The song is a series of buzzing notes. The call is a sharp chip.

==Distribution and habitat==
Blue-winged warblers are migratory New World warblers. They winter in southern Central America and breed from east-central Nebraska in the west to southern Minnesota, Wisconsin, Michigan and southern Ontario in the north to central New York, southern Vermont, southern New Hampshire and New England to the east, south to western South Carolina, northern Georgia, northern Alabama, eastern Tennessee and southern Missouri. It is a very rare vagrant to western Europe, with one bird wandering to Ireland.

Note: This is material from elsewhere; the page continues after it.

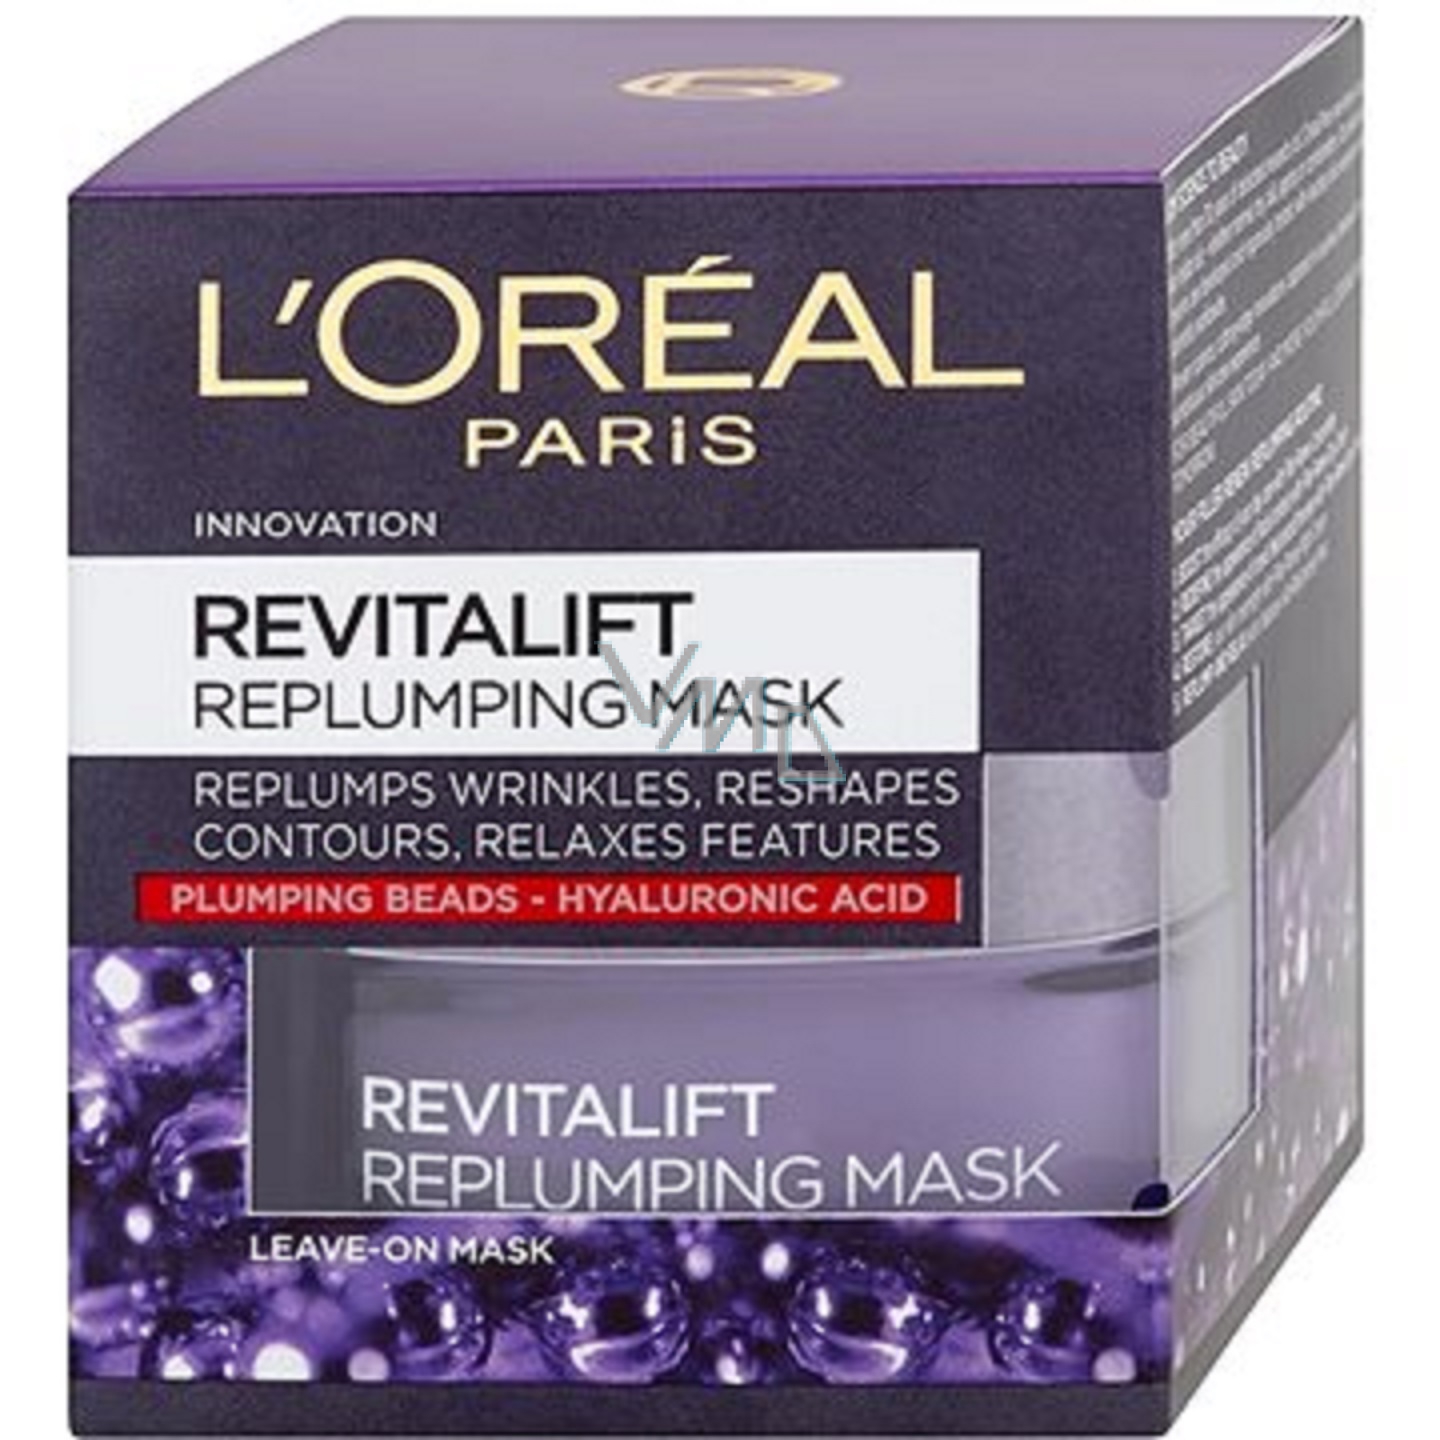 Loreal Paris Revitalift Replumping Mask face mask for all skin types 50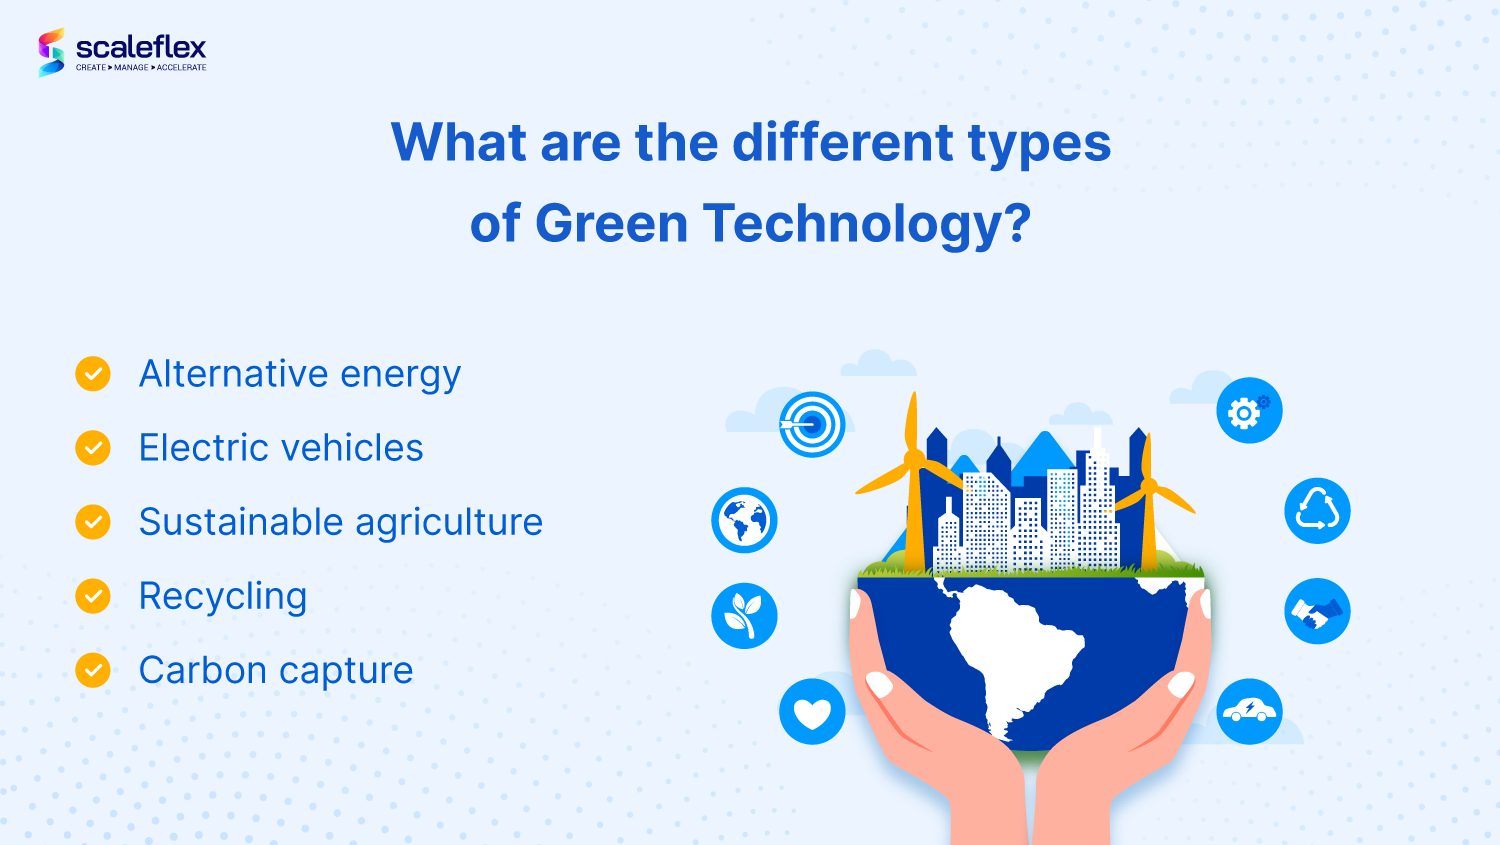 What are the types of green technology?

The breeding habitat is open scrubby areas. The species is mostly found in abandoned fields with shrubs and trees and bordered by tall deciduous trees. Blue-winged warblers are generally found in areas located in higher elevation and high percentage of grass and canopy cover.

==Behaviour and ecology==

===Food and feeding===
Diet consists of insects and spiders. Blue-winged warblers primarily feed on insects found in various plants including apple trees, walnut trees, and water hemlock. Adults sometimes hang upside down to glean and probe leaves and gather insect larvae for their young. Some examples of larvae fed to juvenile blue-winged warblers include Aphis sp., and Corythucha sp. Often, researchers presume that the species's diet and feeding methods tend to differ on each season and habitat, and may also change due to the availability of resources. This could be considered a relatively generalist species.

===Breeding===
Blue-winged warblers nest on the ground or low in a bush, laying four to seven eggs in a cup nest. The females incubate the eggs for 10–11 days. The young are altricial and fledge in 8–10 days. The blue winged species communicate with others via singing. Hence, they have songs for fighting (descending bee-buzz), nesting, as well as breeding with other blue-winged warblers. During breeding season, the males arrive first in the location and wait for their possible mate. Usually, the females arrive one week after the males. While waiting for their mates, the males sing continuously. Once the females enter, the singing decreases and could possibly change in tune until they find a partner. After mating, the length of their song abruptly decreases.